En las oficinas donde se presentó lo miraban con asombro, incluso con cierta conmiseración, como ocurre con un enfermo. Con idéntica disposición de ánimo lo recibieron en el almacén de desechos. La búsqueda del espejo se prolongó largamente, tanto que al final, cuando acabaron por entregárselo, no daba crédito a sus ojos.
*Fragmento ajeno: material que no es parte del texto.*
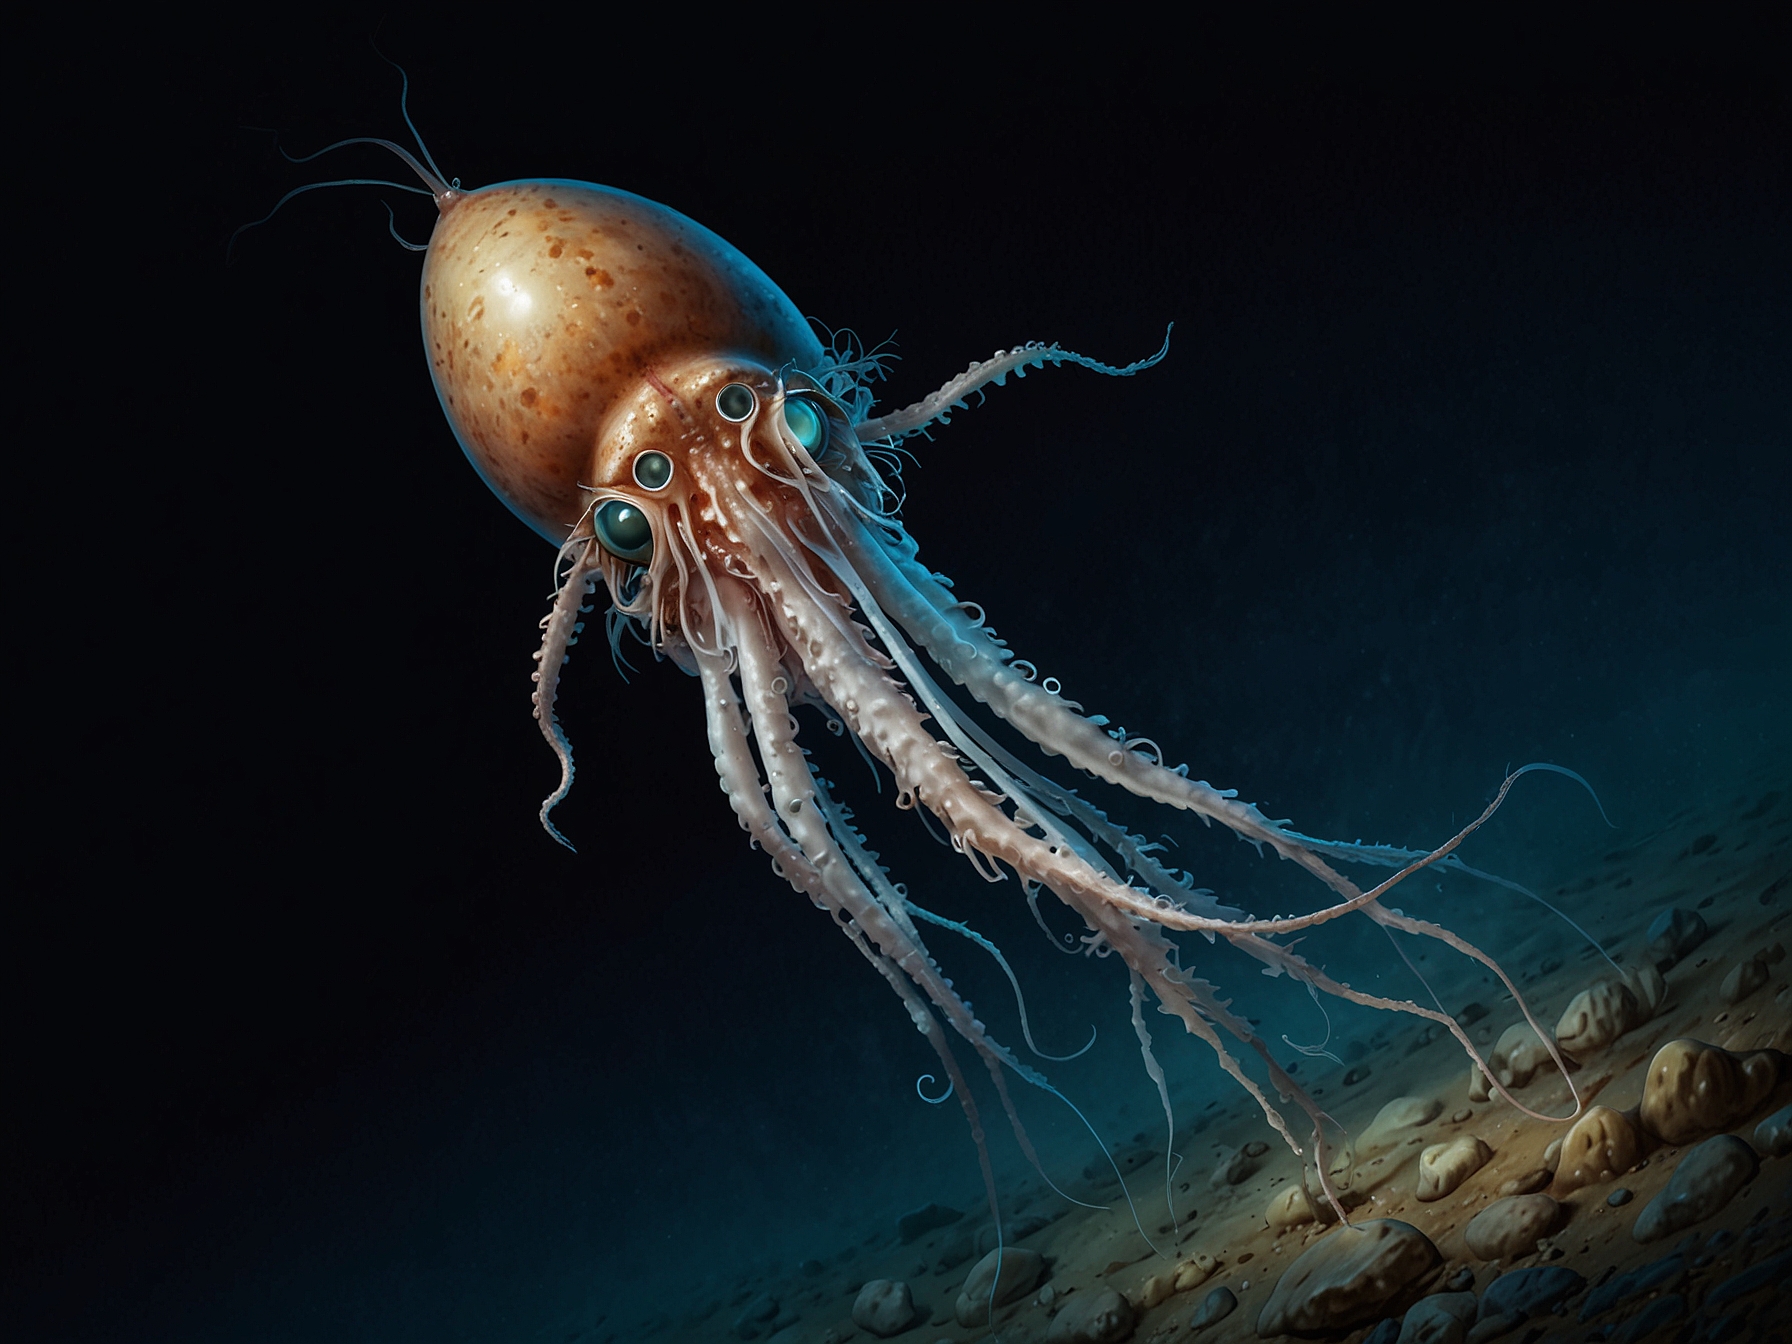 The deep-sea squid is shown clutching a large egg mass, highlighting its unique reproductive behavior. The image emphasizes the importance of technological advancements in studying marine life in extreme ocean depths.
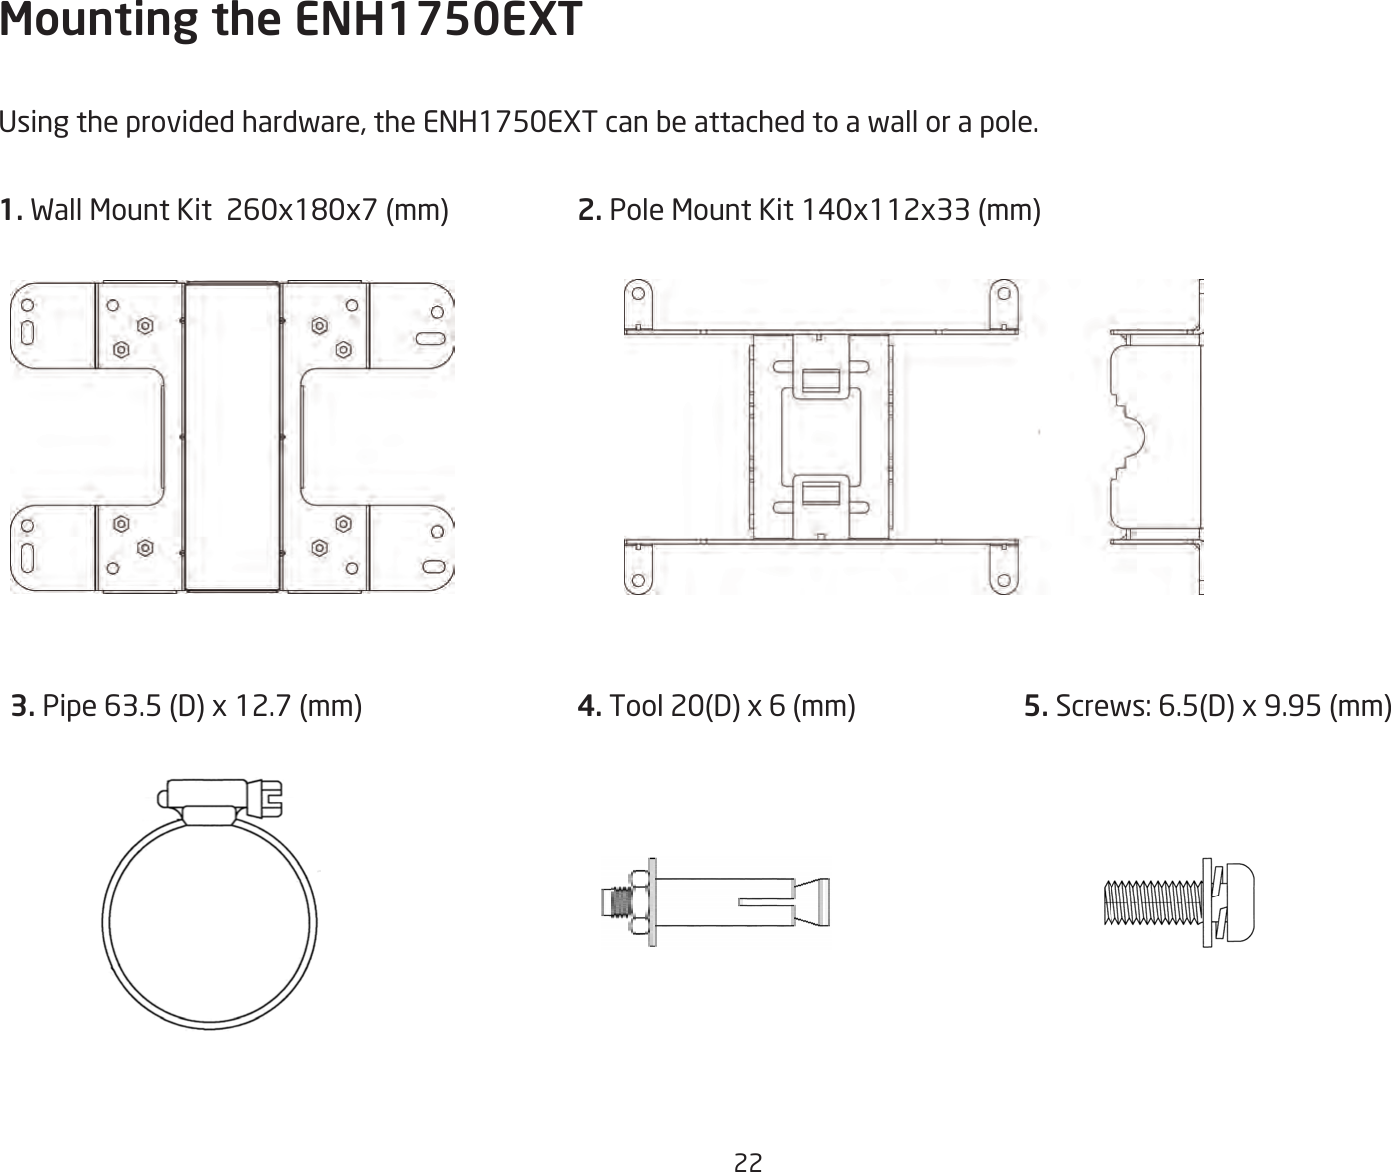 22Mounting the ENH1750EXTUsing the provided hardware, the ENH1750EXT can be attached to a wall or a pole.1. Wall Mount Kit  260x180x7 (mm)  2. Pole Mount Kit 140x112x33 (mm) 3. Pipe 63.5 (D) x 12.7 (mm)  4. Tool 20(D) x 6 (mm) 5. Screws: 6.5(D) x 9.95 (mm)

La redacción del testamento no fue cosa fácil. Mientras se preparaba para hacerlo, descubría cada día que el universo testamentario carecía de fronteras. Desde tiempos inmemoriales, las crónicas ofrecían toda suerte de modalidades. Ultimas voluntades en forma de venenos, de dramas antiguos, de nidos de cigüeña, de quejas de minorías étnicas o de proyectos de metro. Las piezas anexas que los acompañaban no eran menos desconcertantes, desde los revólveres y los preservativos hasta los oleoductos y el diablo sabe qué más. El retrovisor del taxi enterrado a la espera de la resurrección junto al hombre al que había obsesionado en vida era el primero en su género.

Entregó el texto para su traducción al latín, luego a las principales lenguas de la Unión Europea. Durante semanas enteras se ocupó de enviarlo a todos los institutos posibles, espigados de Internet. Centros arqueológicos. Centros de estudios e investigaciones psicomísticos. Cátedras de geoquímica. El Gran Bunker de la muerte en Estados Unidos. Finalmente el Instituto Mundial de los Testamentos.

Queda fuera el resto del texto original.